## Assignment
Beginning with the line containing "RFX consortium, recherches" and ending with the line containing "Artland Artprint Stilleven", write out each line of the records below exactly; pictures and lines outside that range are left out.

## Material to process
━━━

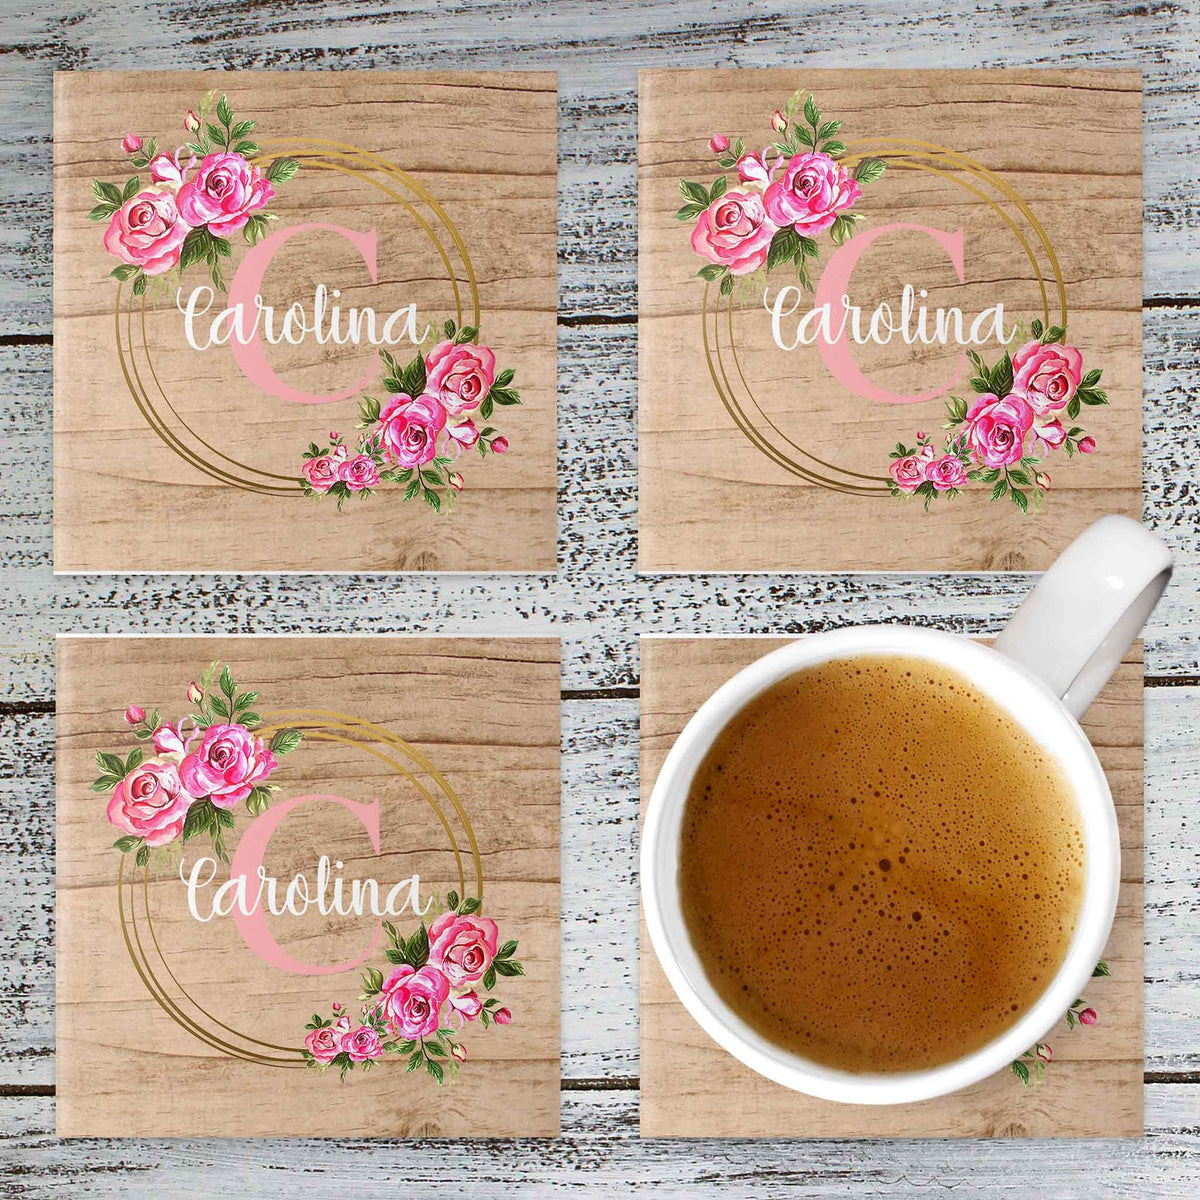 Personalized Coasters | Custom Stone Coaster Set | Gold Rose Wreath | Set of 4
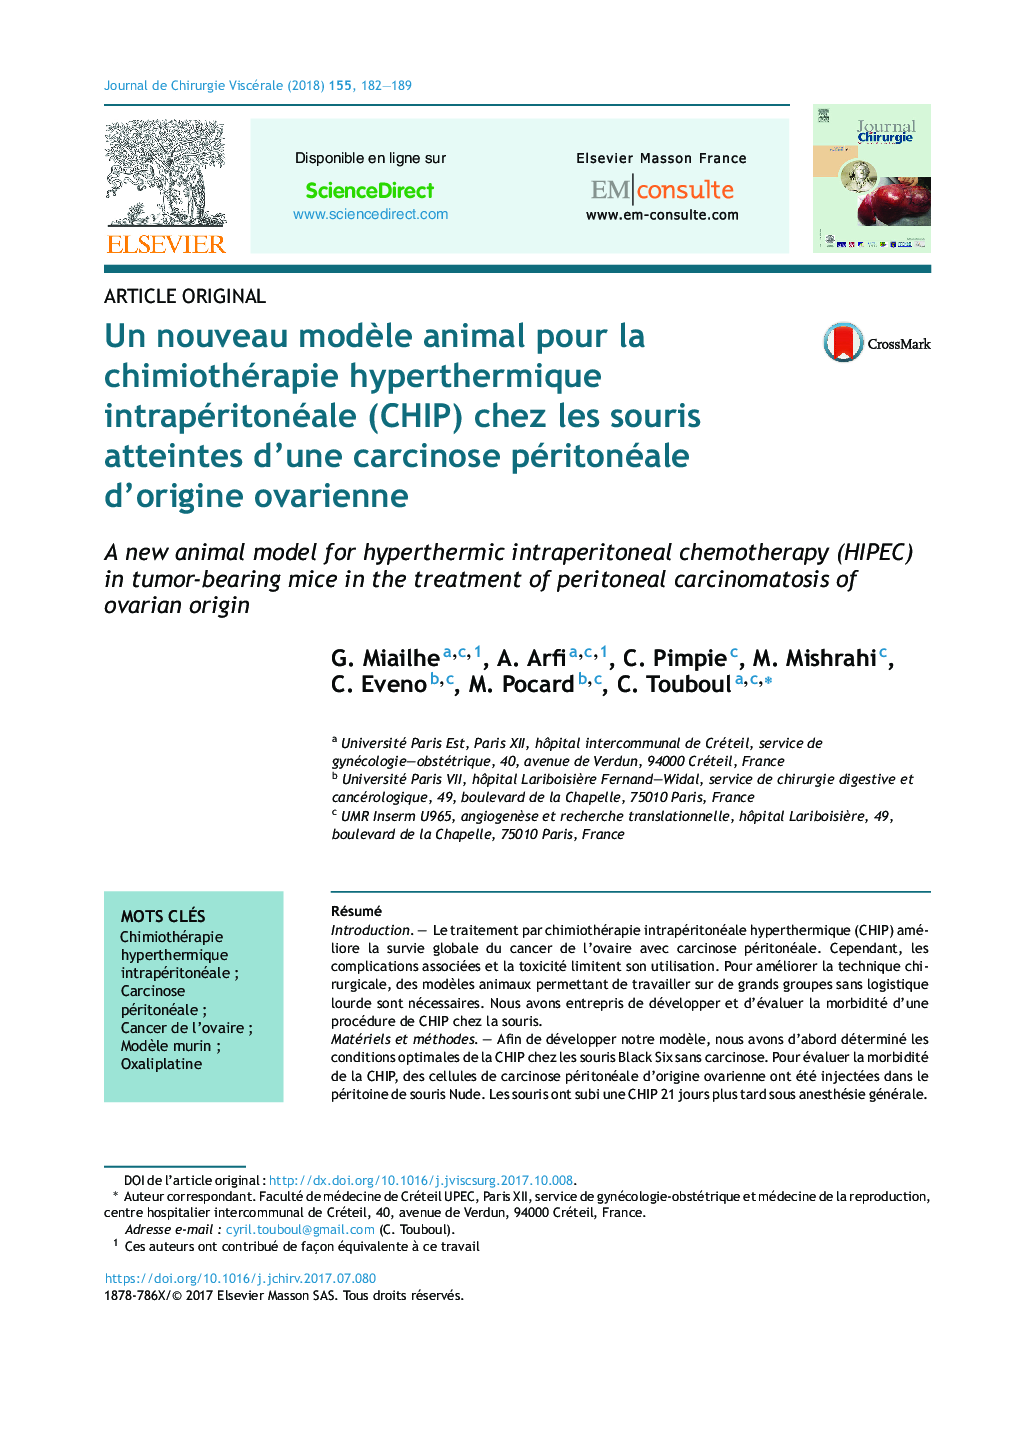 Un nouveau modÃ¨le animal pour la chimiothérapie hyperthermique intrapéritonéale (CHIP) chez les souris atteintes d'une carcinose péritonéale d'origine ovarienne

━━━

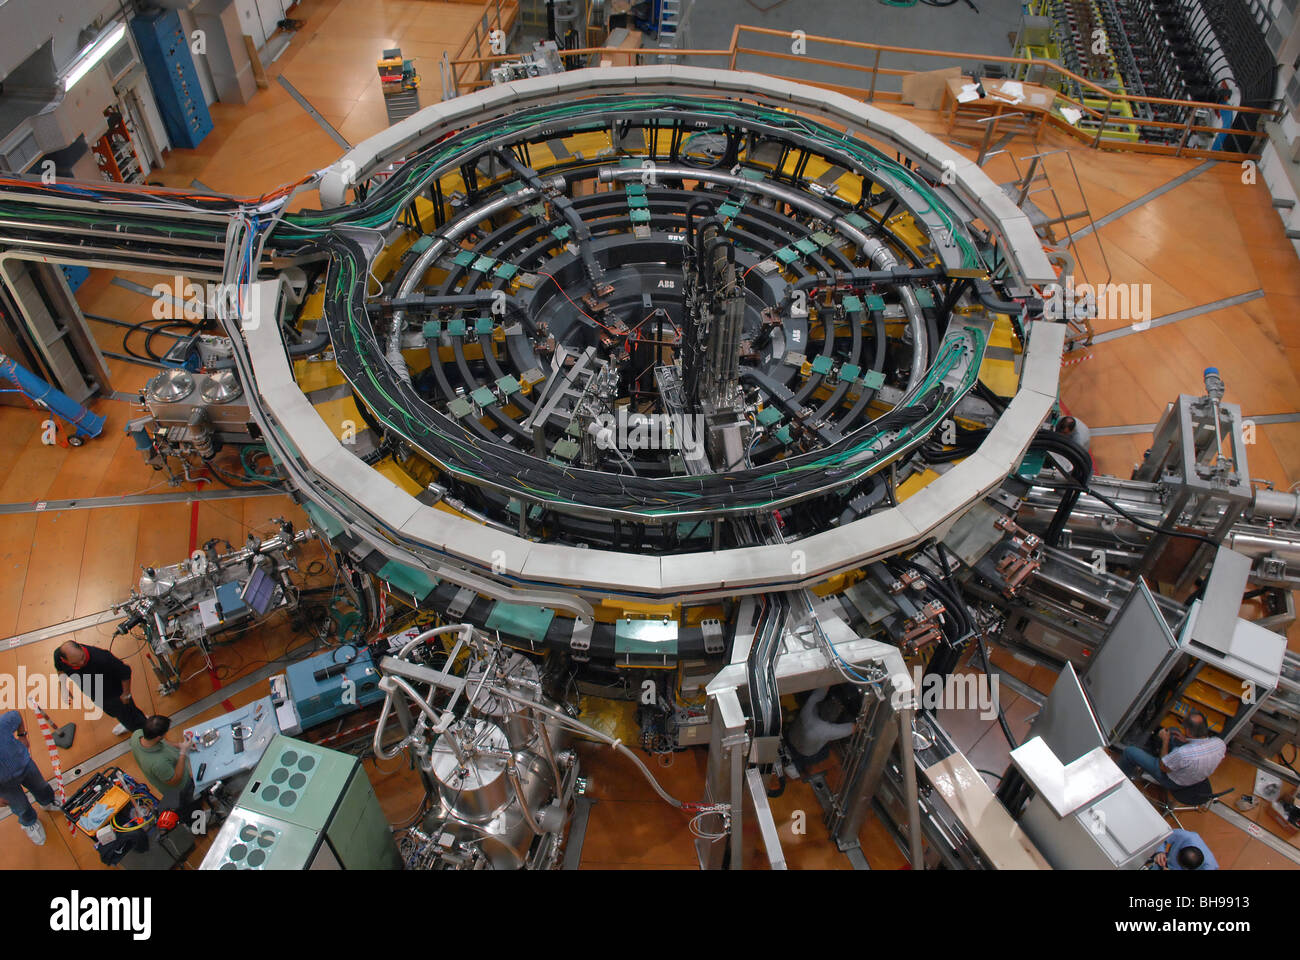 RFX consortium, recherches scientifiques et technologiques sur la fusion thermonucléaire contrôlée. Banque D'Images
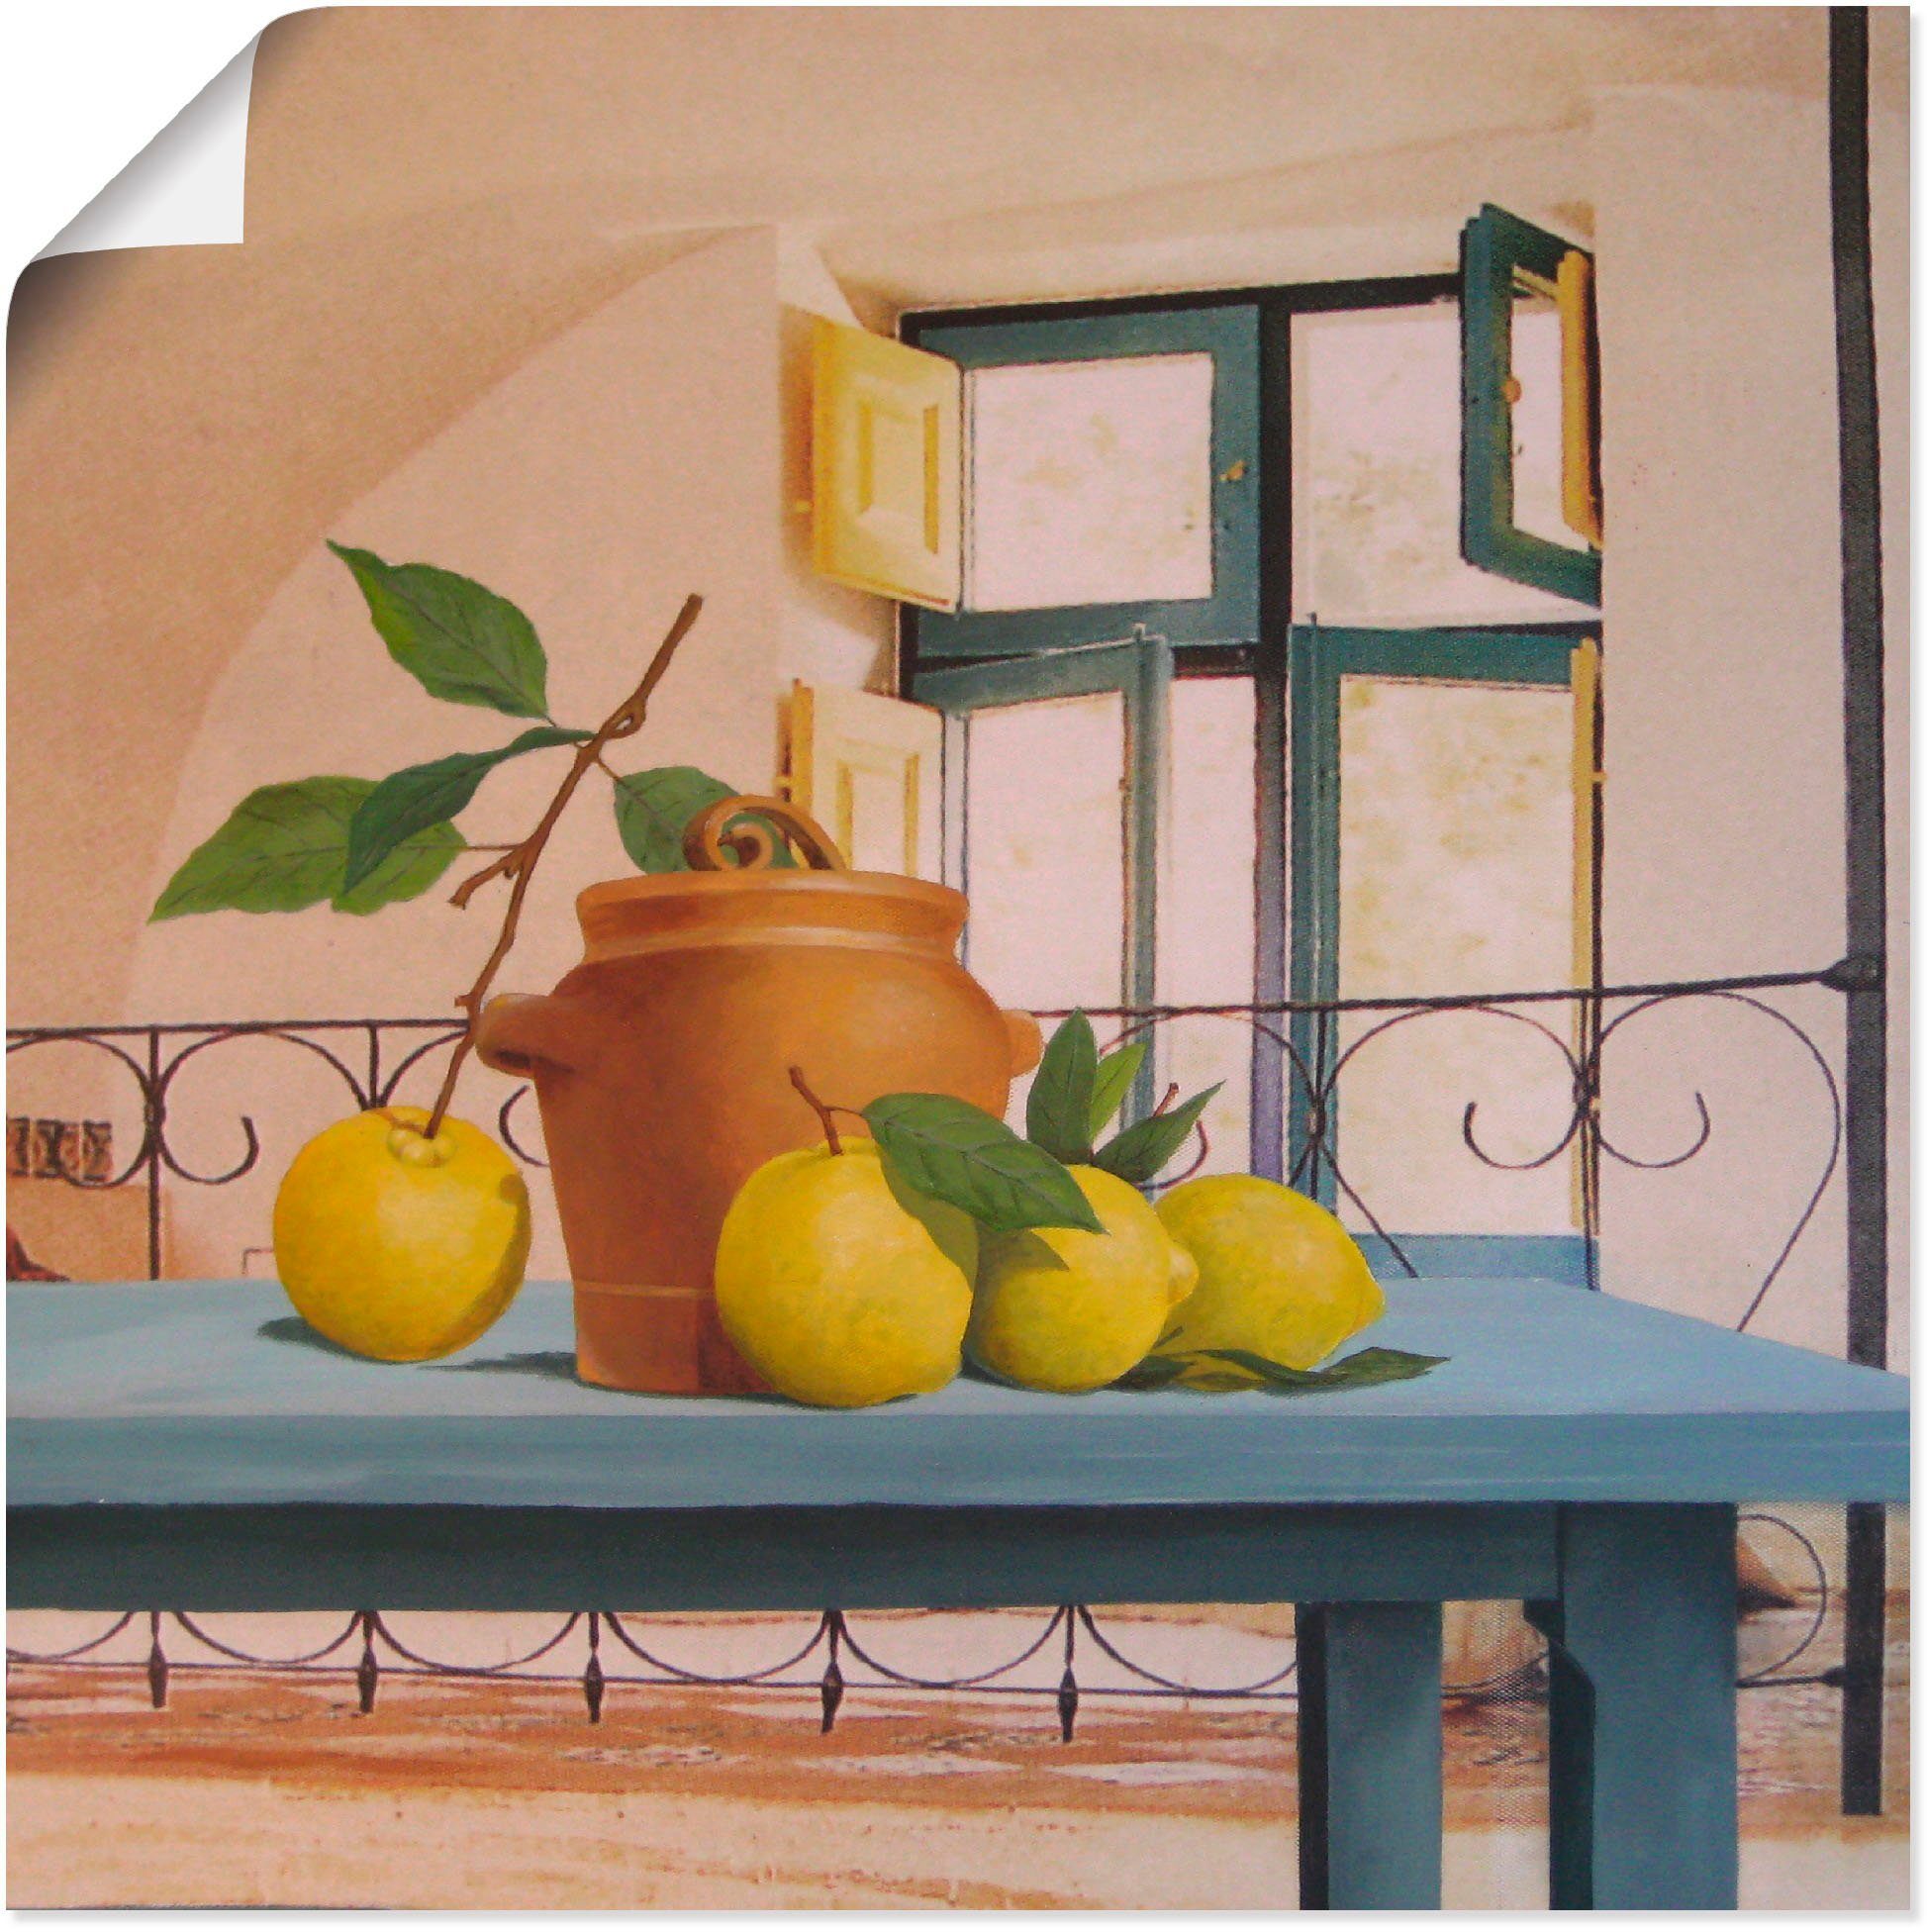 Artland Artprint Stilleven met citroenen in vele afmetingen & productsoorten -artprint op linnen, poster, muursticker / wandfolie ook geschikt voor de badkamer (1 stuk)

━━━

## Task result
 RFX consortium, recherches scientifiques et technologiques sur la fusion thermonucléaire contrôlée. Banque D'Images
 Artland Artprint Stilleven met citroenen in vele afmetingen & productsoorten -artprint op linnen, poster, muursticker / wandfolie ook geschikt voor de badkamer (1 stuk)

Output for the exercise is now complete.